Il romanzo unisce in maniera perfetta realtà e fantasia: alcuni episodi sono stati ispirati da eventi reali, mentre altri sono pura fantasia o addirittura esaltazioni della realtà. In Cina dicono che due terzi di quello che vediamo è dietro ai nostri occhi. Io, invece, dico che tutto quello che non vediamo dipende da quello che c’è dietro ai nostri occhi. Vi sono situazioni in cui l’improvvisa trasformazione del modo di vedere le cose moltiplica la capacità di intuire ciò che era davanti a noi. Il libro, per via di alcuni eventi che hanno segnato la mia vita, era già dentro di me, avevo solo bisogno di dargli voce. Tutti i personaggi hanno qualcosa di me, addirittura ve n’è uno che porta il mio stesso nome, caratteristica che peraltro si può ritrovare in tutti i miei romanzi. In questo libro, sicuramente Joshua è il personaggio più simile a me: ha girato e vissuto in molti Paesi del mondo ed è un uomo che cerca sempre di dare un senso alla vita che lo circonda, a volte volando con la fantasia e lasciandosi condizionare da essa.
Qual è la parte del libro che vuole testualmente riportare, che funga da invito all’attenta lettura della sua avvincente narrazione?
Vedere se stessi come il personaggio di un romanzo, soprattutto come l’eroe fortunato della propria storia. Nella maggior parte dei casi, il protagonista viene sconfitto più volte nel corso della narrazione. E solo una volta vince, come nella brillante scena finale del mio libro: “…Io, Jacob Frank, lascio queste carte nelle mani del mio fidato amico Joshua Tree, fiducioso che per sua interposta persona finiranno nelle mani più attente e comprensive. Scrivo, dunque, come se nella persona del futuro lettore mi rivolgessi a un altro amico stretto e fidato, con il quale non ho potuto assaporare i piaceri dell’amicizia solo per una piccola discrepanza di tempo…”. “You cannot teach a man anything. You can only help him to find it for himself”… e poi c’è anche la poesia di Lorenzo de’ Medici, che conclude tutto il romanzo in poche parole: “Natura insegna a noi temer la morte, ma Amor poi mirabilmente face suave a’ suoi quel ch’è ad ogni altro amaro”. È così che inizia la follia…
Sono in cantiere progetti futuri?
Io sono un camminatore.

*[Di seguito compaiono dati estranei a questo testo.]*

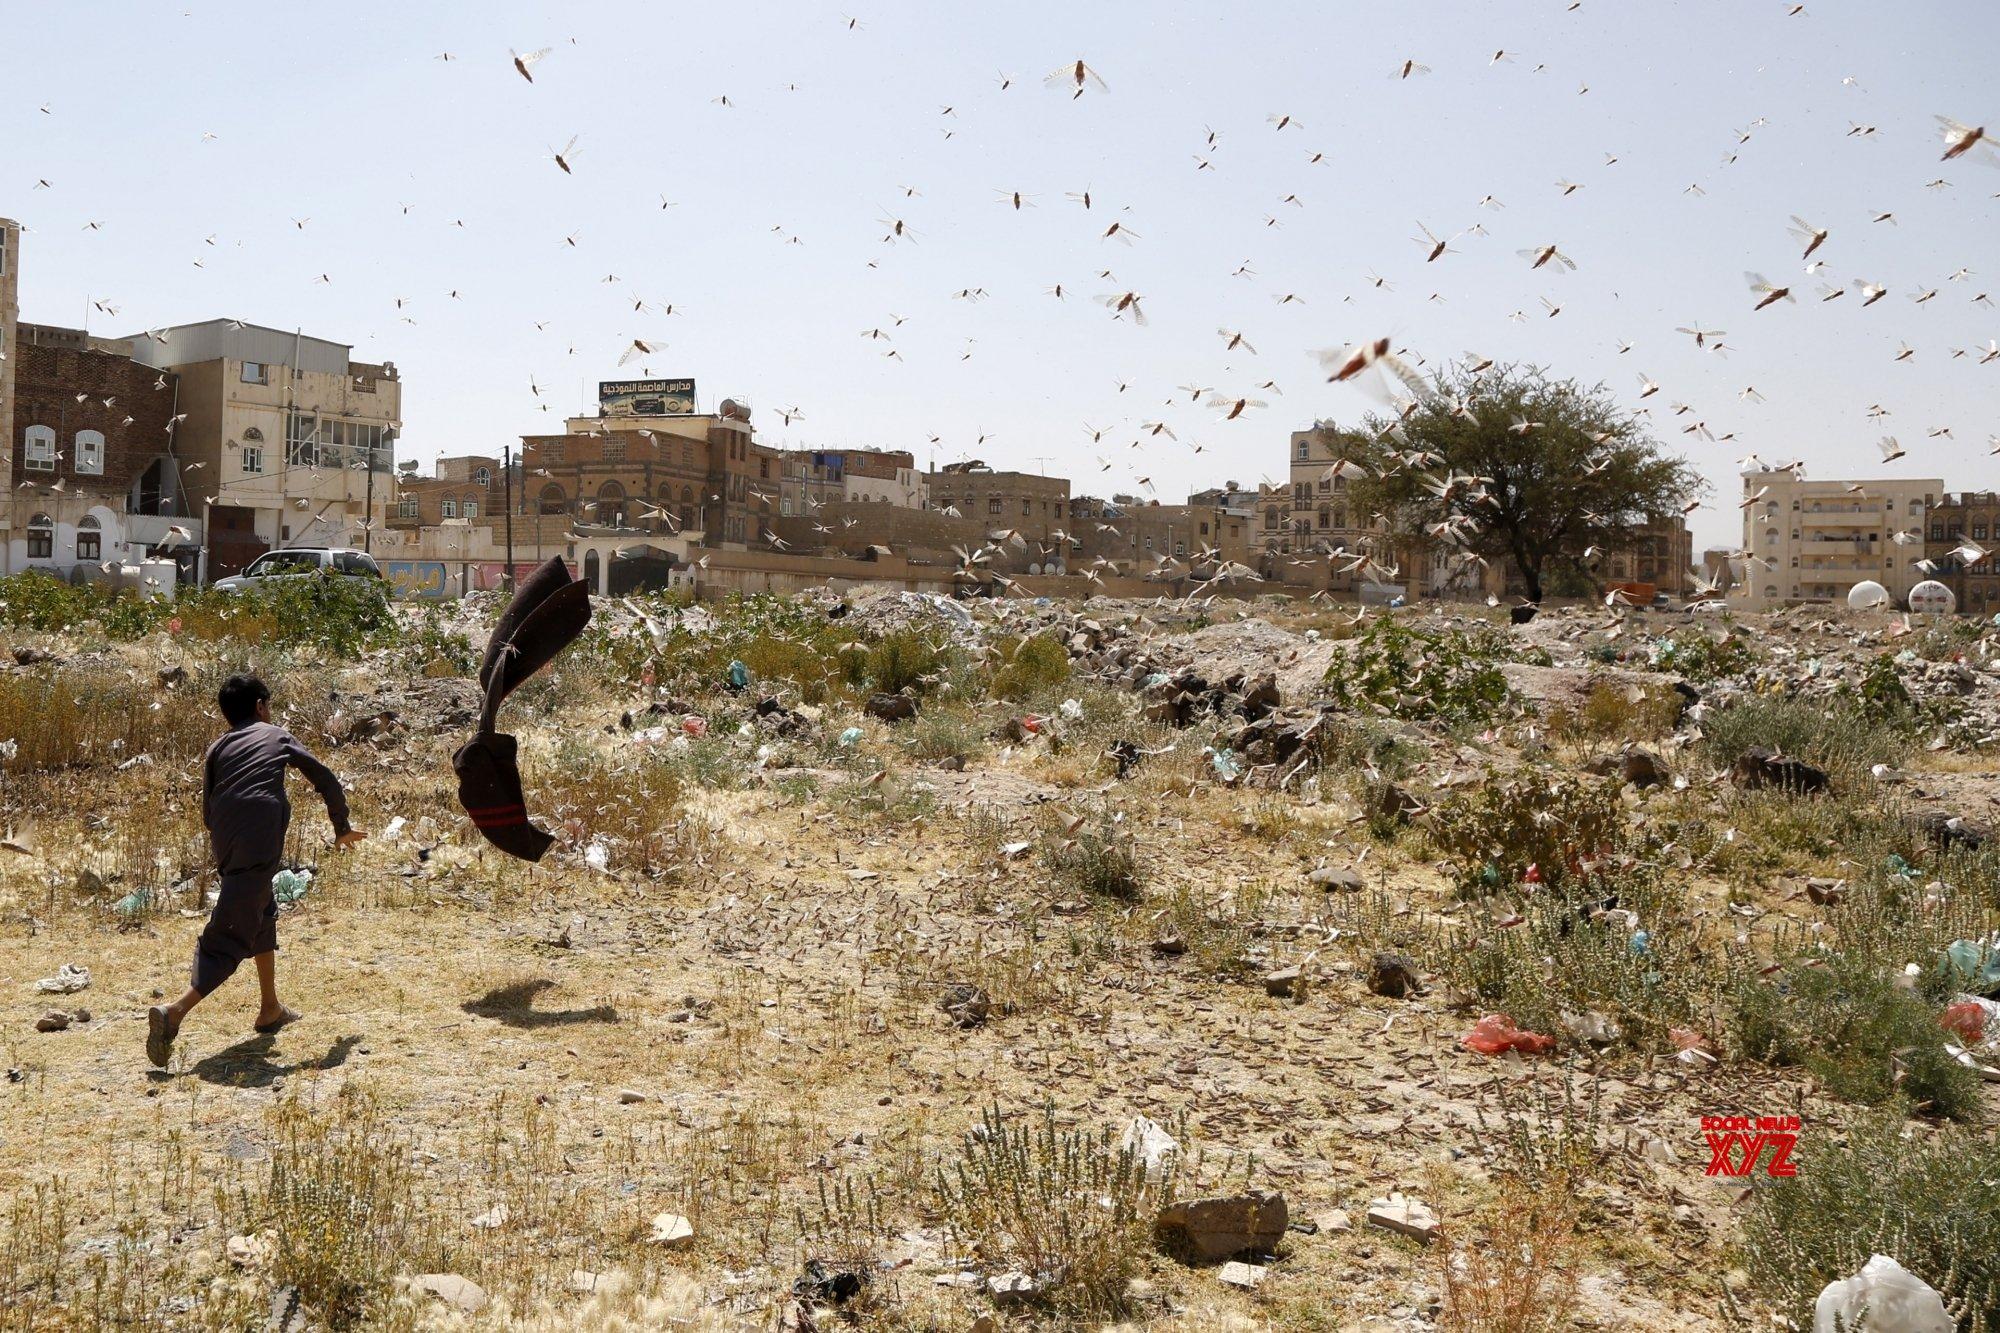 YEMEN - SANAA - DESERT LOCUSTS #Gallery

So che la strada è lunga, ma ho molti progetti in cantiere. Ho tante idee in mente: alcune bozze e idee su altri thriller, più un altro progetto, che tengo ancora un po’ per me. Si tratta un grande romanzo autobiografico, completamente dedicato all’amore che nutro nei confronti di mia figlia Miriam.
Concludiamo con una delle frasi più significative di “V.I.T.R.I.O.L. – L’Artigliatore”: “Ora sorridi. E, quando avrai un momento di smarrimento o indecisione, fermati, aspetta e senti il tuo cuore…”.